* _SUPPLIED MATERIAL_:
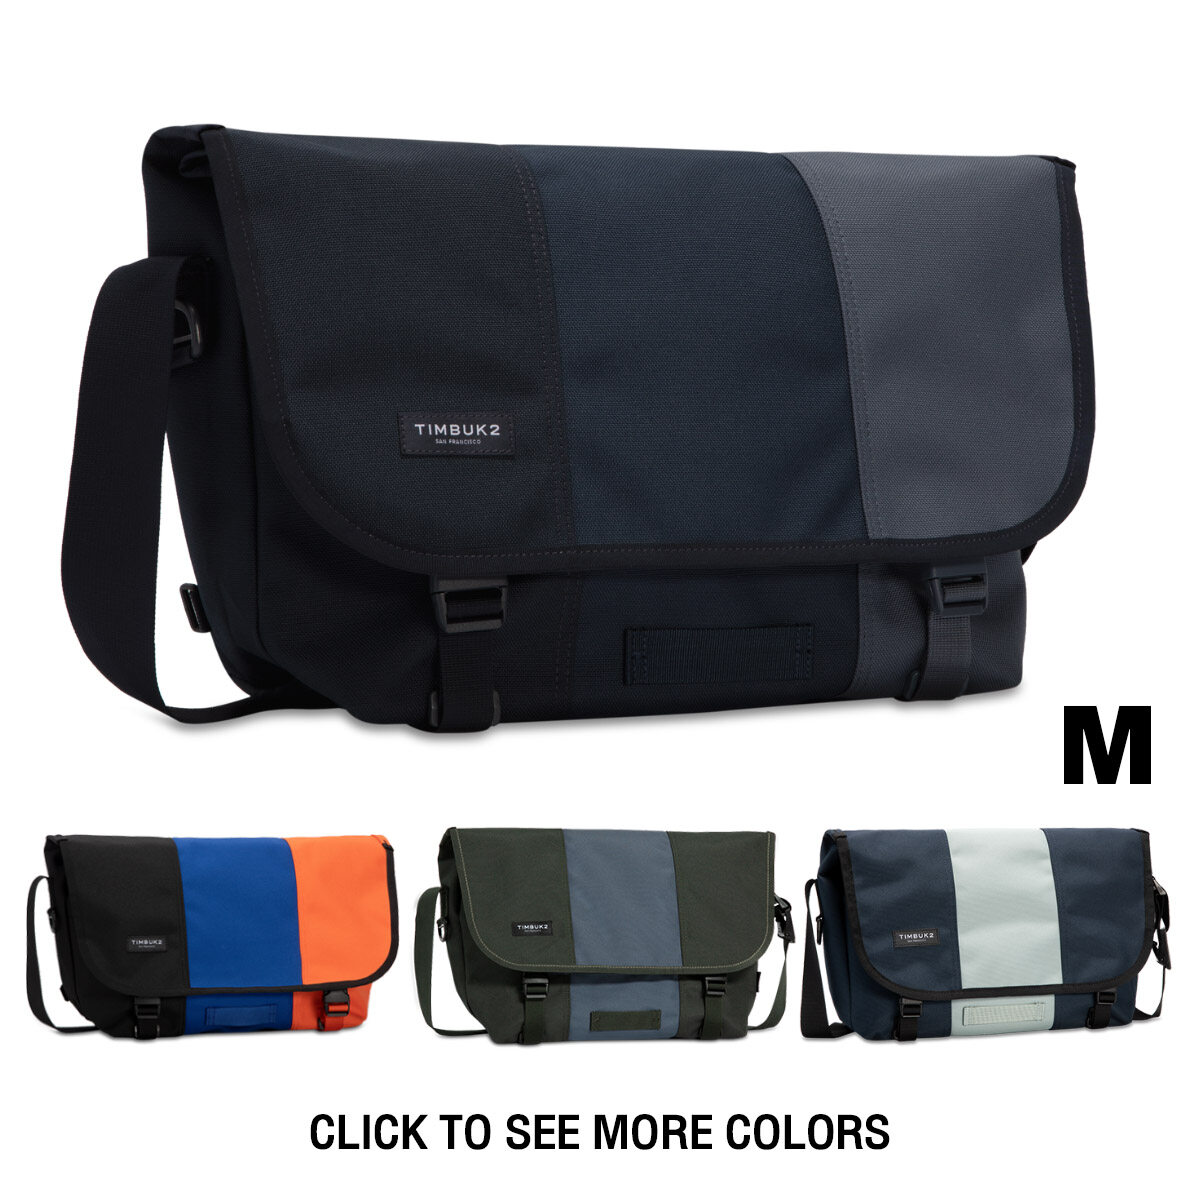 Timbuk2 กระเป๋าสะพายข้าง รุ่น Classic Messenger Bag - M (1108-4)
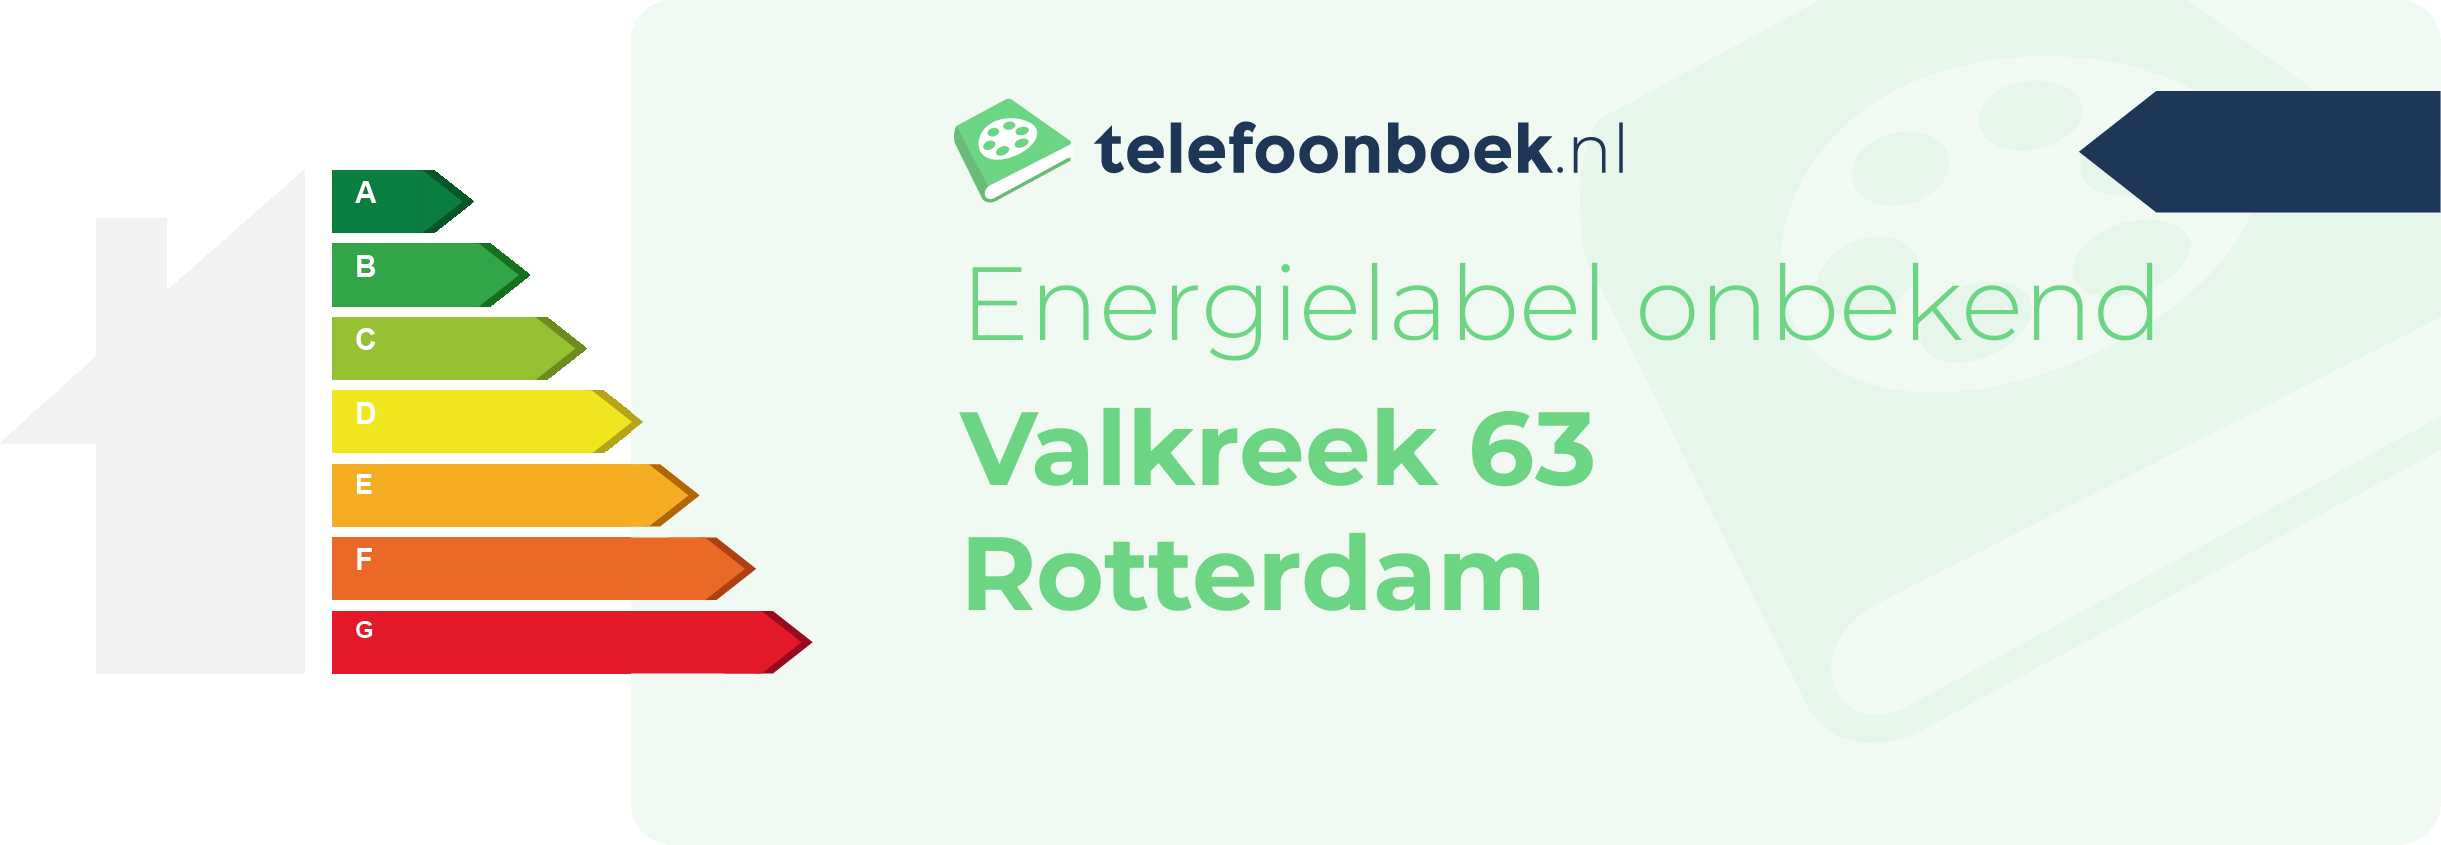 Energielabel Valkreek 63 Rotterdam
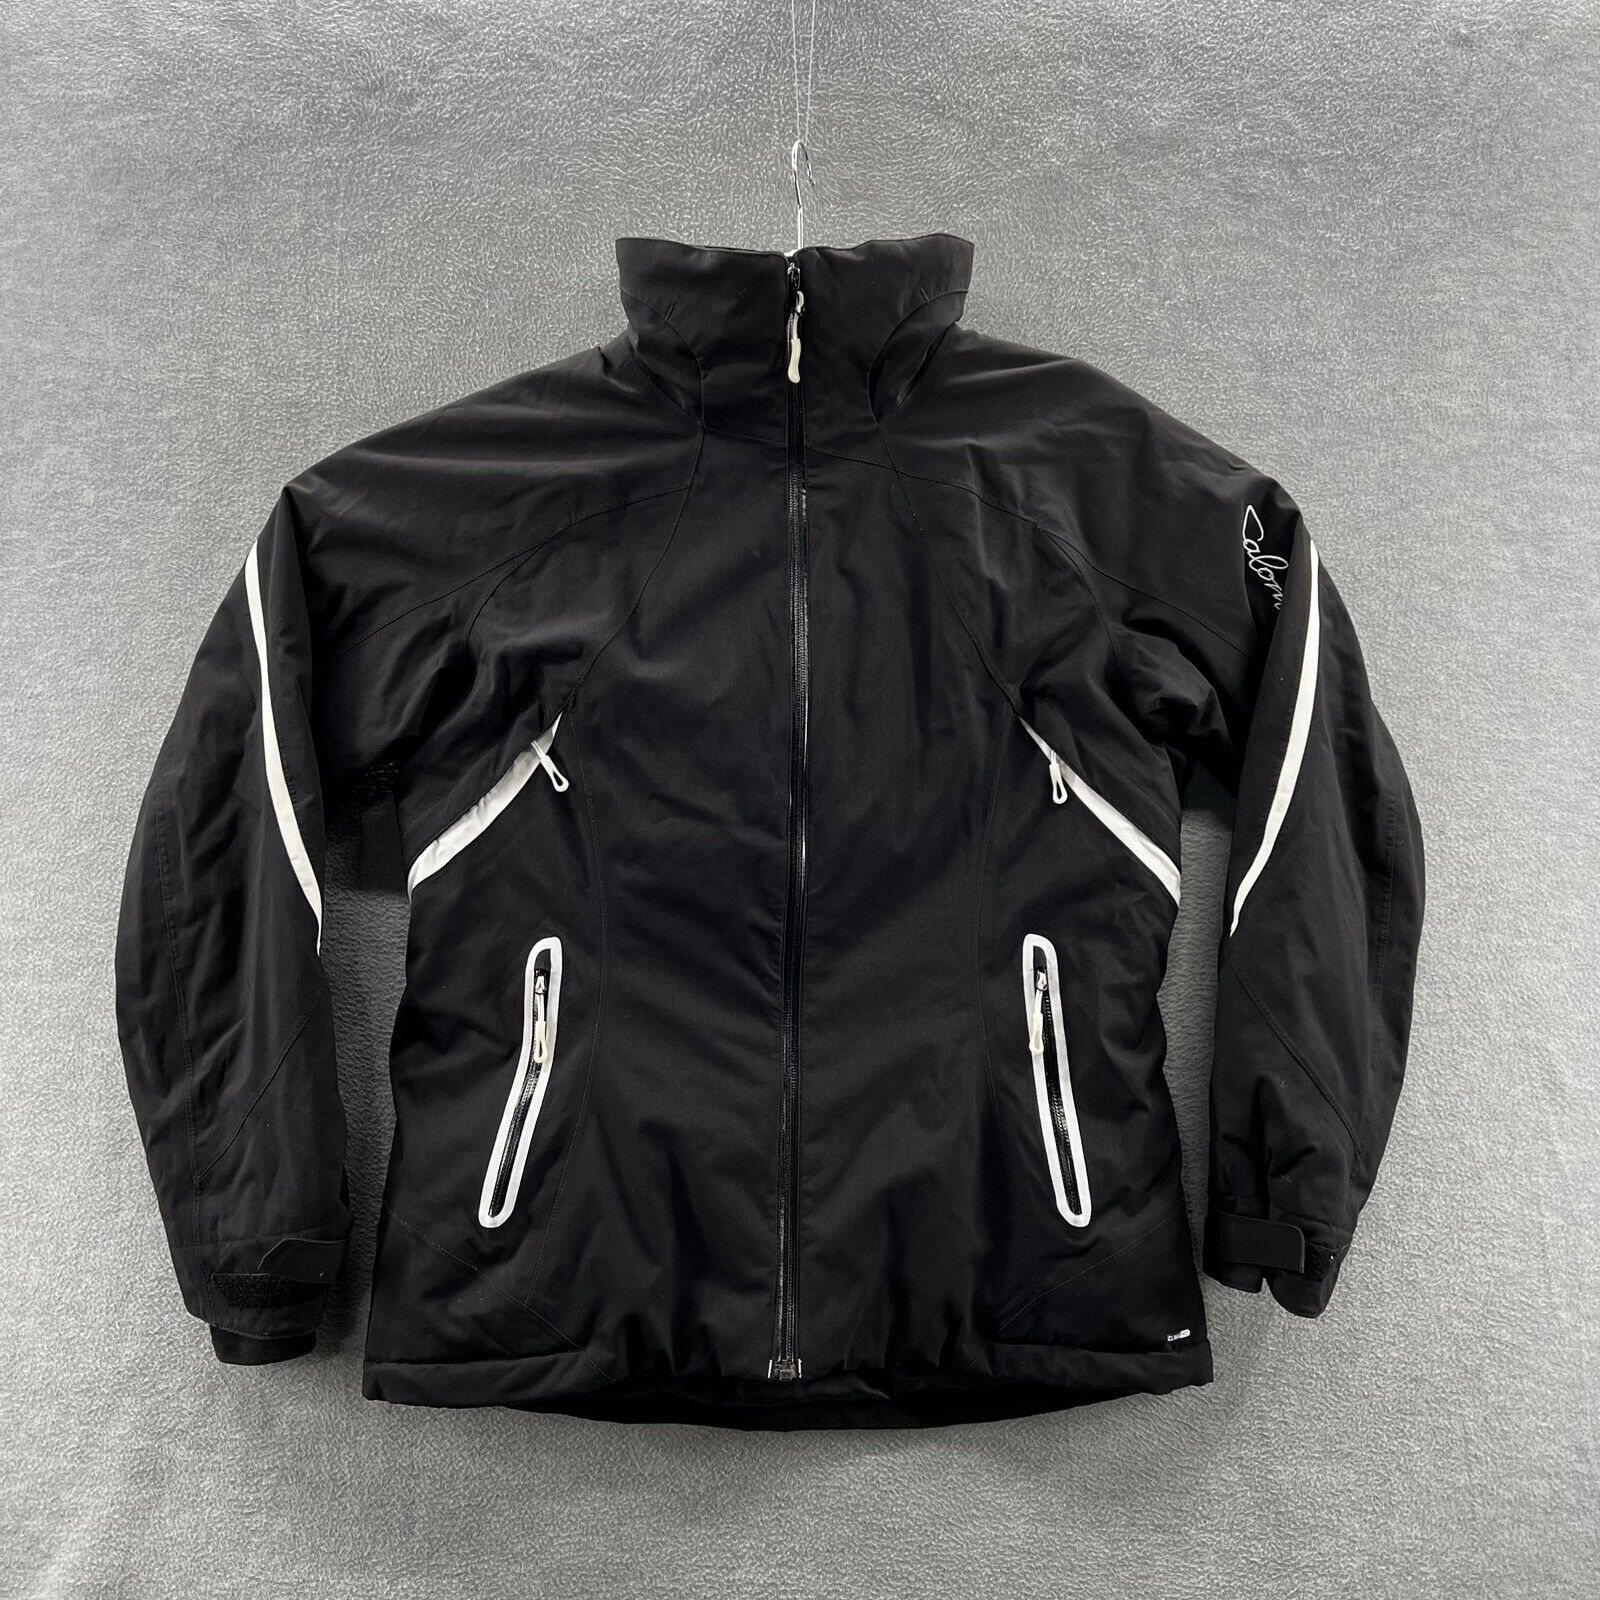 Informeer Motiveren Dempsey salomon clima pro 10,000 mm ski jacket size m | eBay

* _ABOUT THIS TASK_: Retype the whole listing, keeping every line identical and omitting all pictures.

* _OUTPUT FOR THIS TASK_:
 Timbuk2 กระเป๋าสะพายข้าง รุ่น Classic Messenger Bag - M (1108-4)
 Energielabel Valkreek 63 Rotterdam
 Informeer Motiveren Dempsey salomon clima pro 10,000 mm ski jacket size m | eBay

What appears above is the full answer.